[SPOILER WARNING: The following review contains SPOILERS for both the Injustice: Gods Among Us video game and the tie-in comics.]
Another world. Another time. The Joker put his theory that one bad day could tarnish even the most sterling of souls to the test. The end result was the destruction of Metropolis and the death of Lois Lane and her unborn child. The Joker’s victory was short-lived, however, and he laughed his last laugh as Superman gave in to rage and killed him.
For five years, Superman attempted to build a better world. As ally upon ally turned against him and more freedoms were sacrificed in the name of security, Superman became a tyrant. In a desperate gambit, Batman – leader of the Insurgency that rose to fight Superman – made contact with the Justice League of another world and recruited their heroes to help him bring down Superman and the Regime formed by the heroes and villains who supported the new world order.
Now, Superman is imprisoned and Batman is turning his attention to rebuilding society. Yet other powers seek to shape the chaos to their own designs and one of them has set their sights on Batman’s most loyal follower – Harley Quinn!
The most remarkable thing about this first chapter of Injustice 2 is how accessible it is to new readers. True, they may miss the little gags like why Harley is living in The Arrowcave and calling it The Quiver but the meat of the story is dished out smoothly. The opening talk between Bruce and Clark establishes the basics of the setting and the following scenes with Batman and Harley subtly showcase just how much this world has changed from the standard DC Universe that Harley Quinn has partnered-up with Batman. Such is Tom Taylor’s skill as a writer that he can manage this while delivering some hilarious Harley Quinn patter.
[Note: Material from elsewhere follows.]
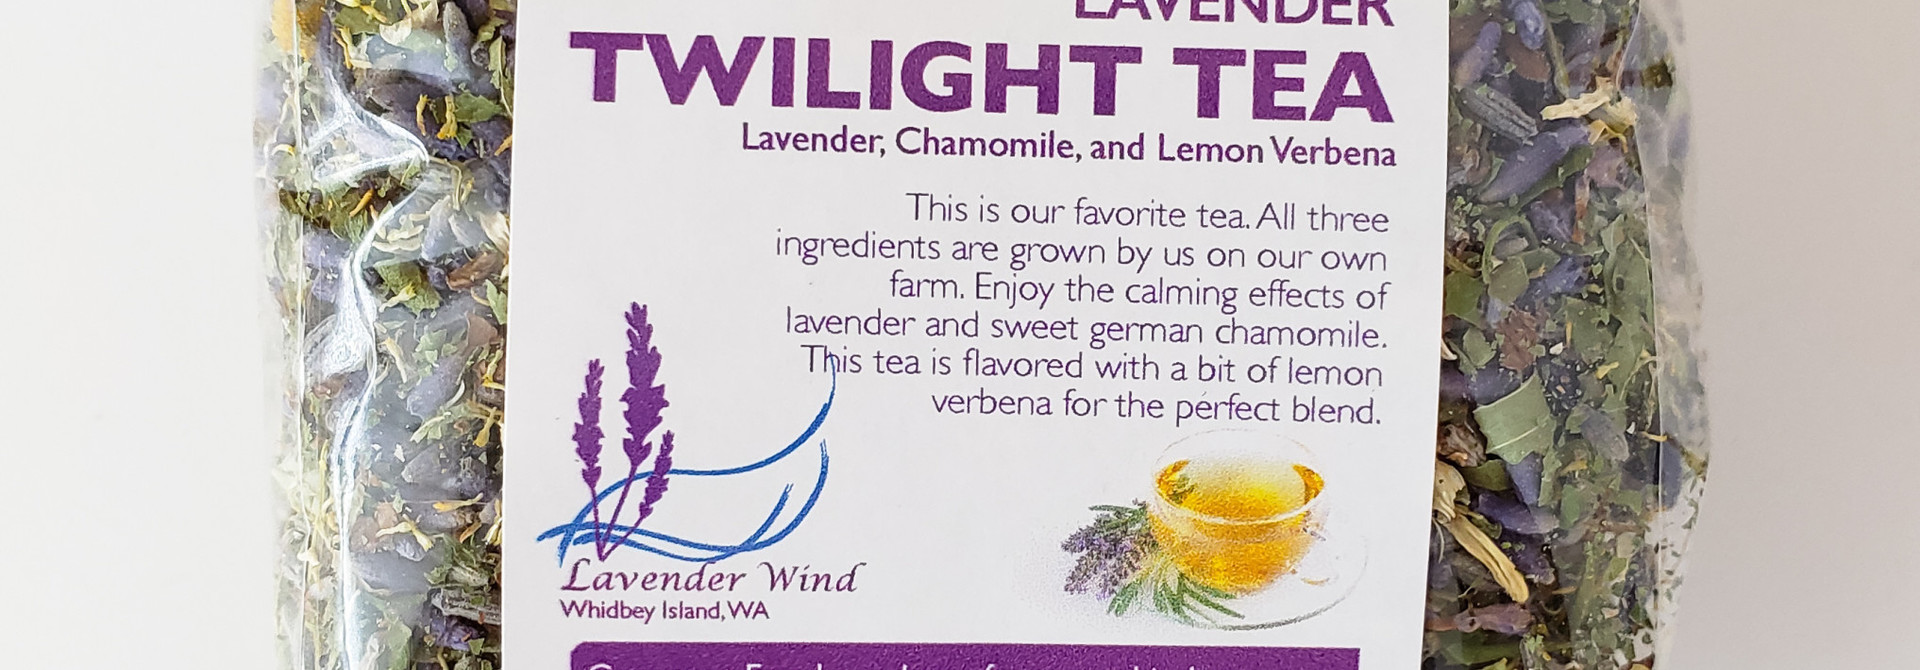 Lavender Twilight Tea - Bag 1.3 oz.

The artists of the original Injustice: Gods Among Us comic have returned along with Taylor and their work is in similarly fine form. Bruno Redondo is a fantastic and varied artist, equally capable of depicting the stoic Batman and animated Harley Quinn in the same panel while having them seem to occupy the same space. Juan Albarran’s inks find the perfect balance between enhancing and shading and colorist Rex Lokus finds the perfect shade for every situation.
I’d still suggest tracking down the original comics and playing the game before picking Injustice 2 up. It -is- a sequel, after all. Despite this, you could pick this book up and read it without needing much in the way of explanation and still find it enjoyable.